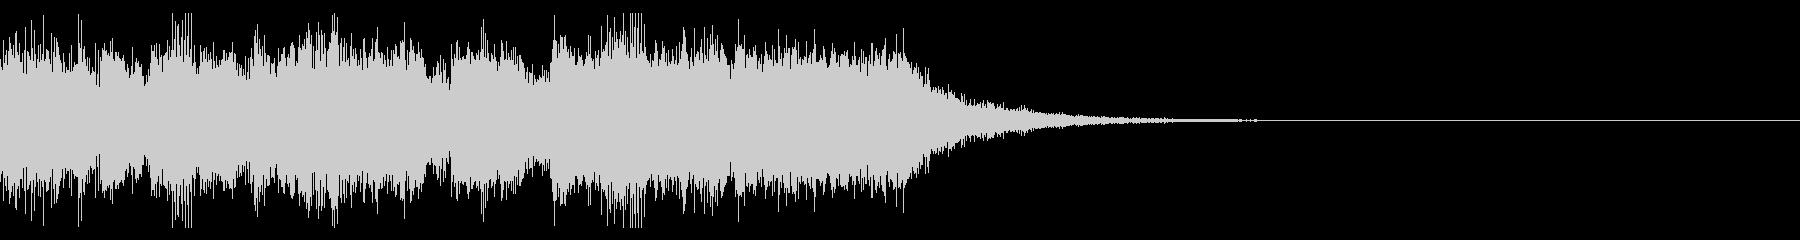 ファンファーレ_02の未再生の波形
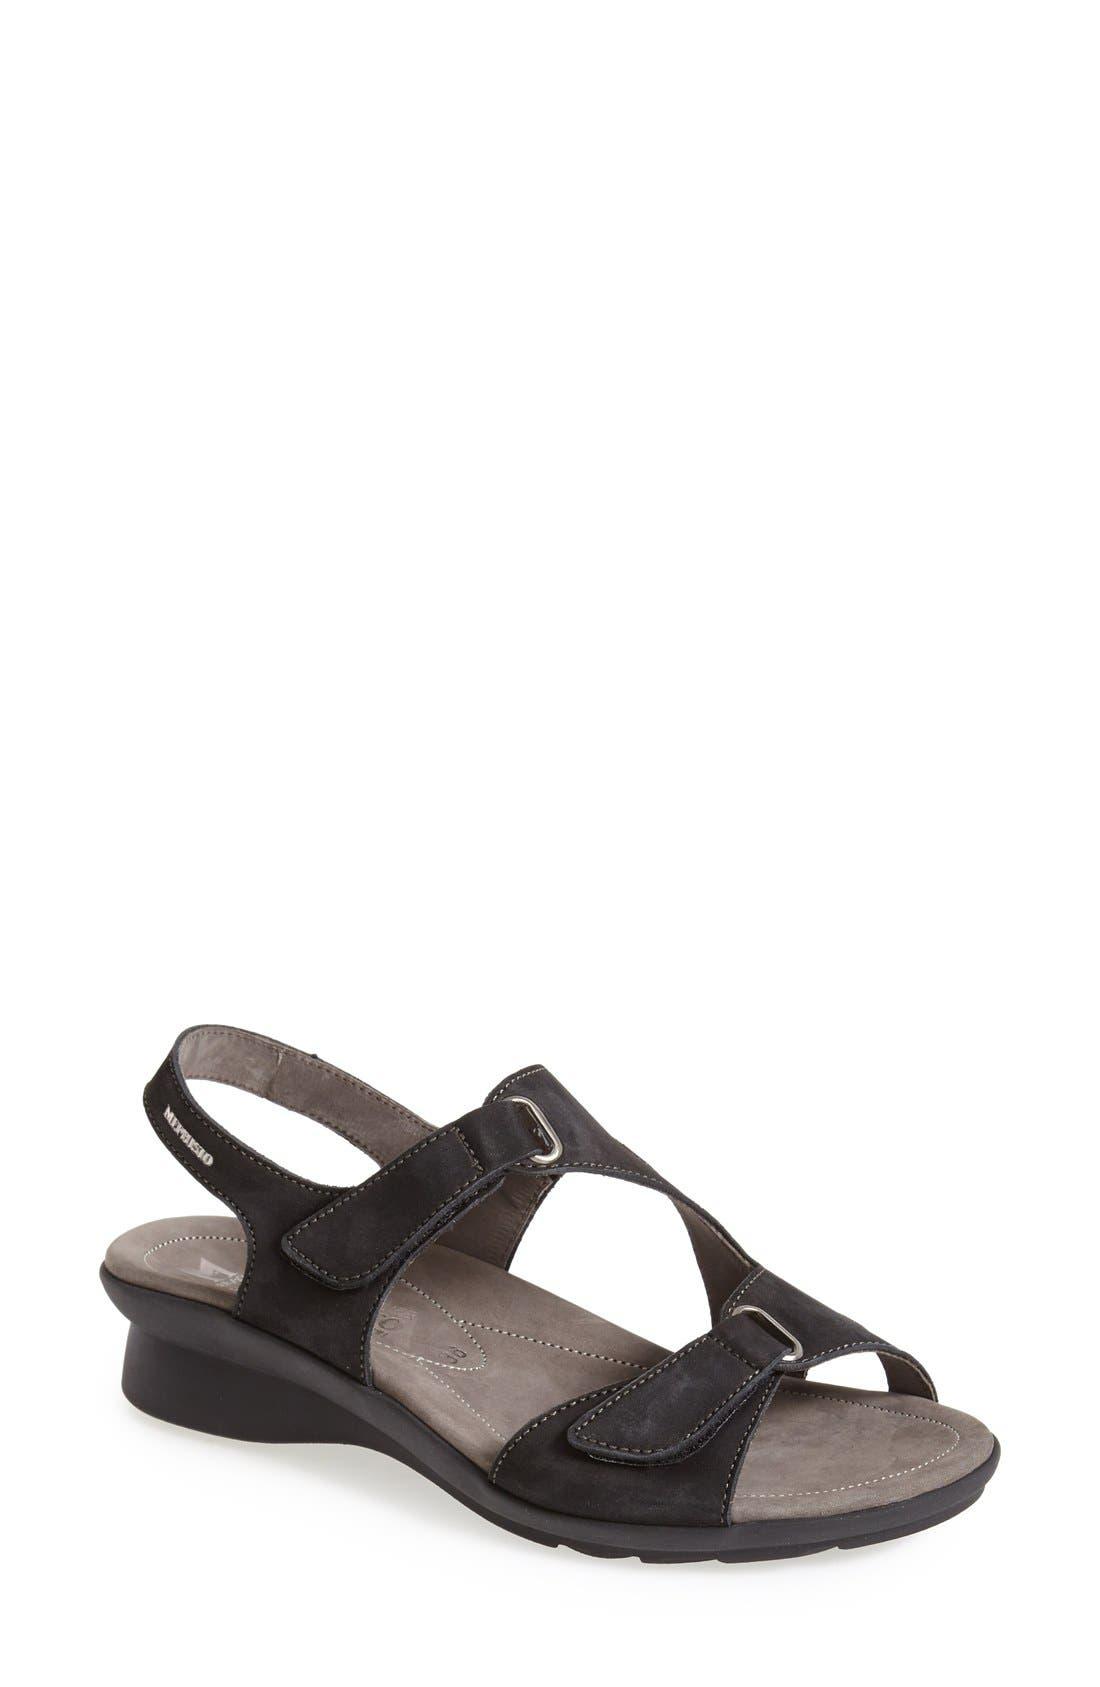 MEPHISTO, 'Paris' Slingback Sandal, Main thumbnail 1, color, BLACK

...

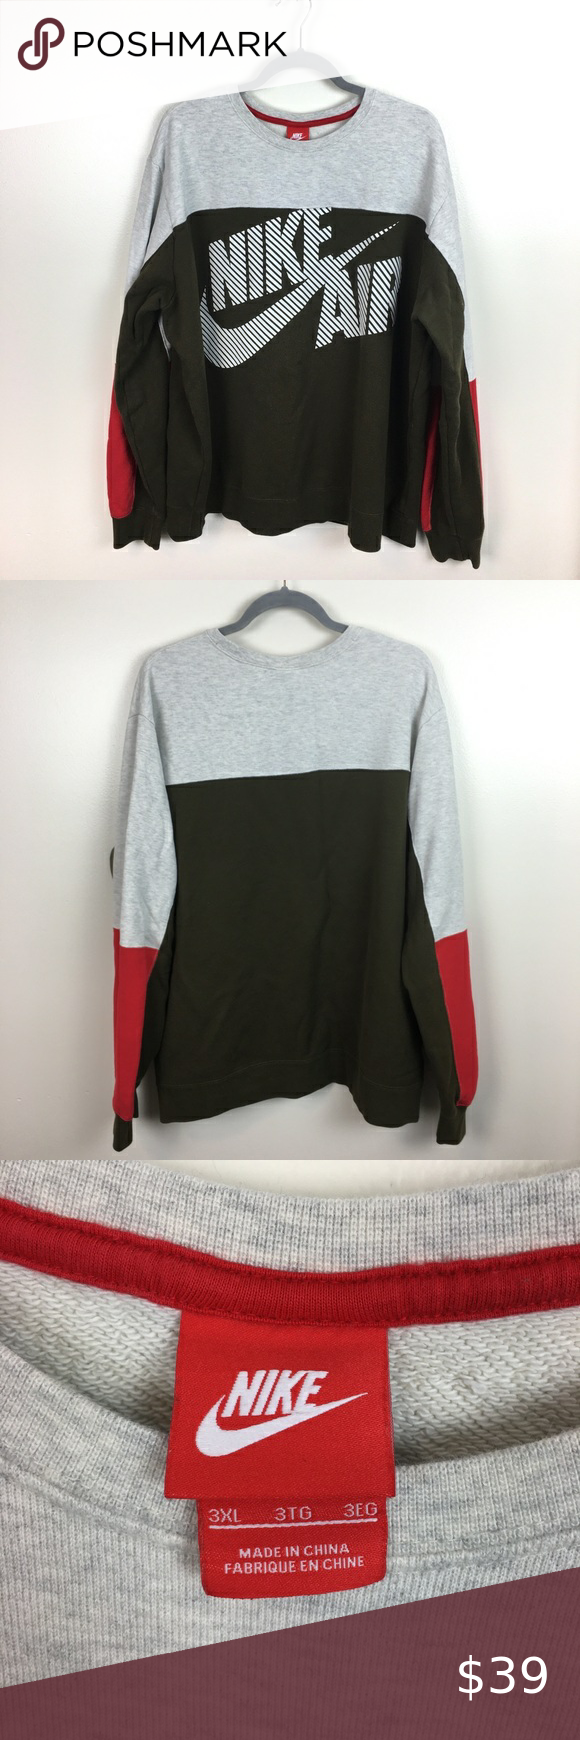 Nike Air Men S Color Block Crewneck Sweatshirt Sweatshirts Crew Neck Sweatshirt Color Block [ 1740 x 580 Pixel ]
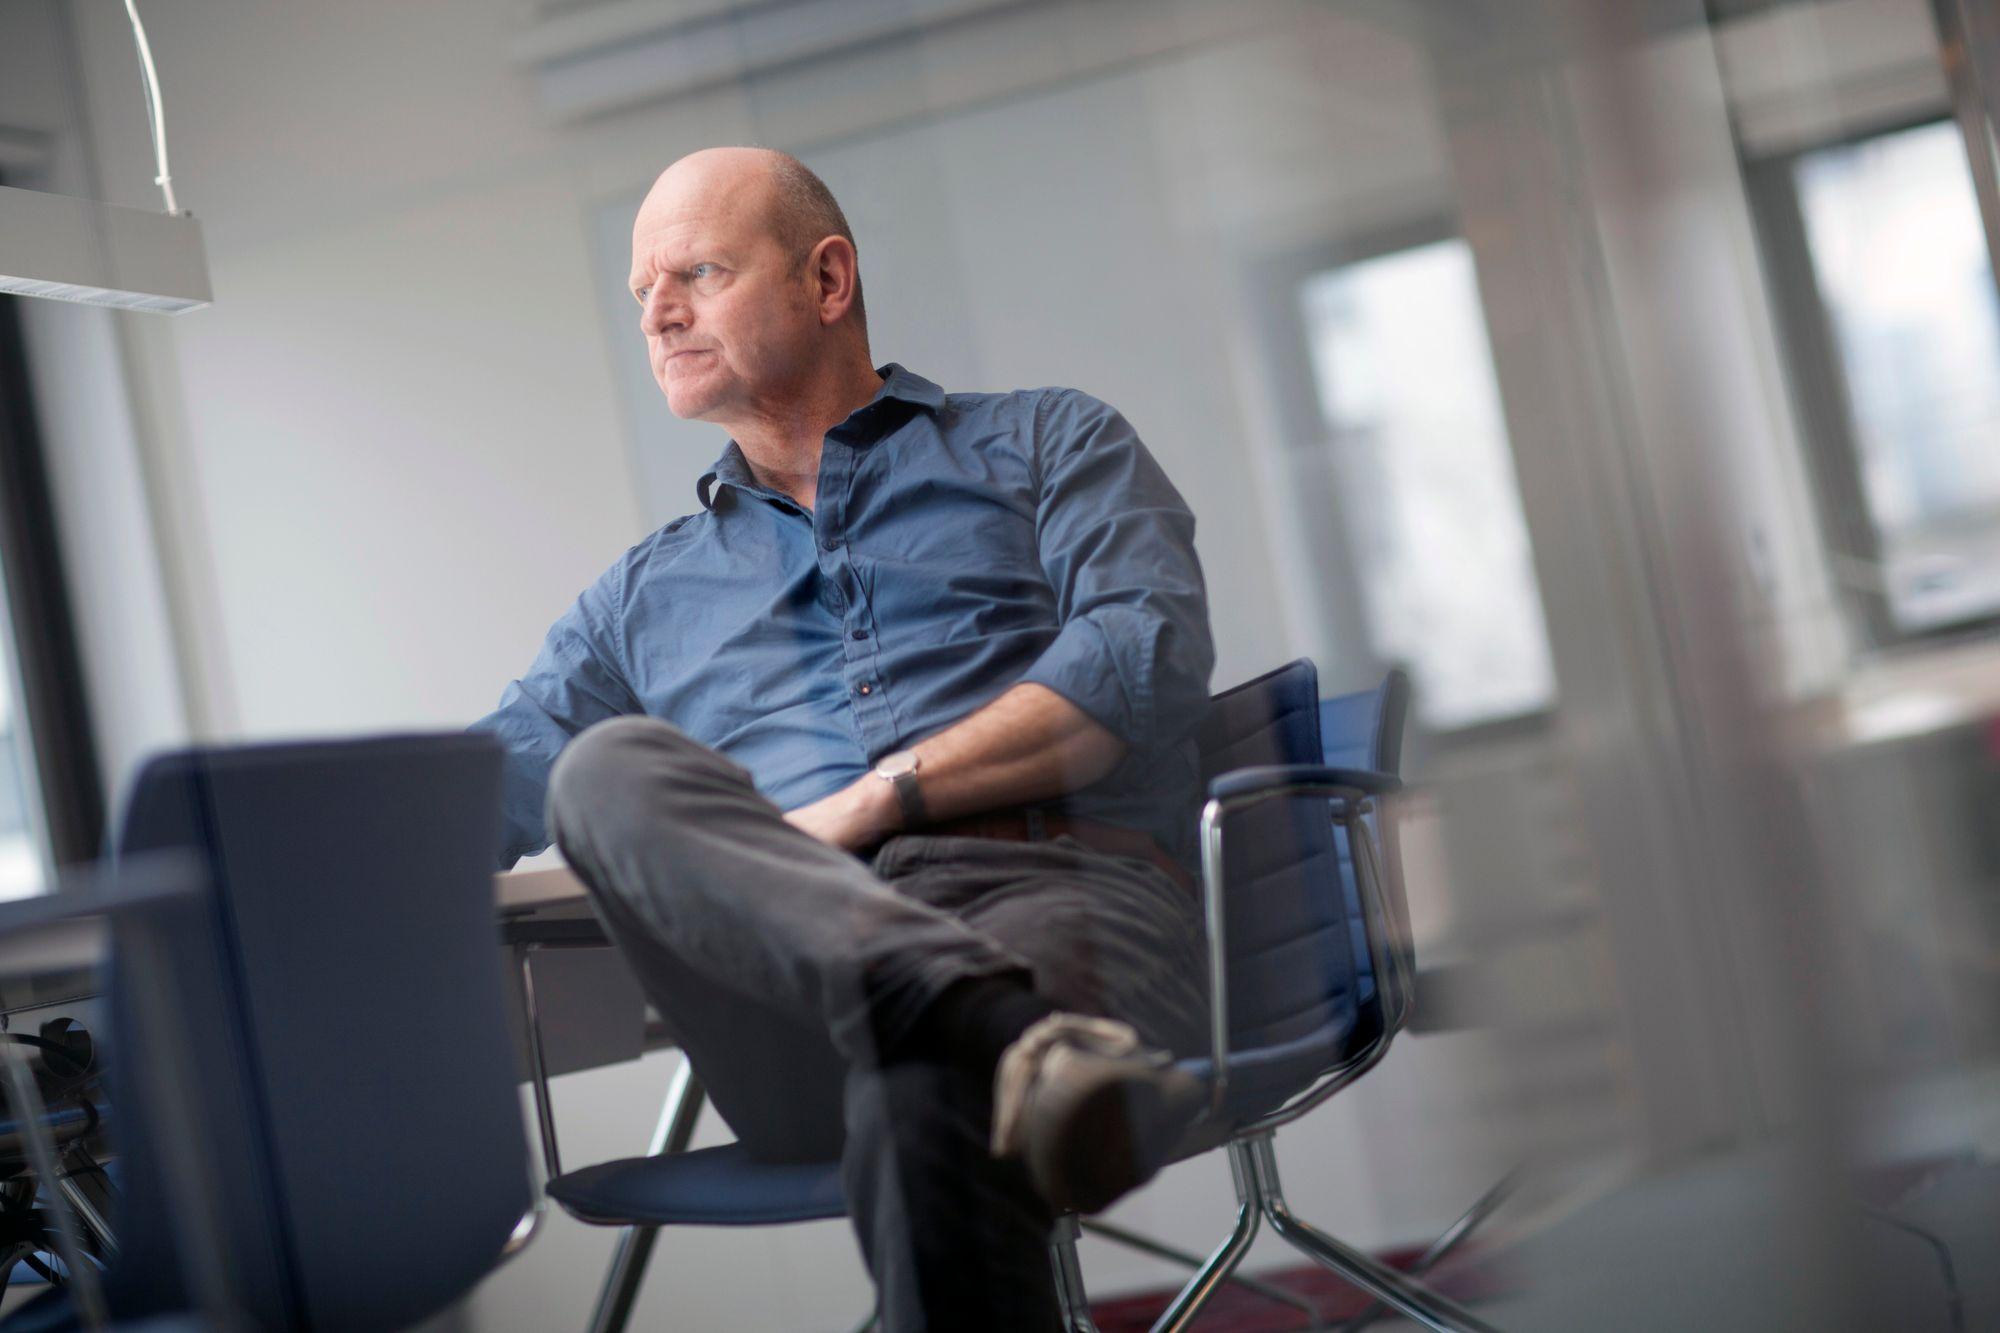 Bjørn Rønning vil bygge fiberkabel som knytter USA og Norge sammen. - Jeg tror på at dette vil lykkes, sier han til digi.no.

### Problem to solve
Copy exactly the material above from the line with "ファンファーレ_02の未再生の波形" to the line with "MEPHISTO, 'Paris' Slingback", ends included, and nothing else. Leave out any picture.

### Solution to the exercise
 ファンファーレ_02の未再生の波形
 MEPHISTO, 'Paris' Slingback Sandal, Main thumbnail 1, color, BLACK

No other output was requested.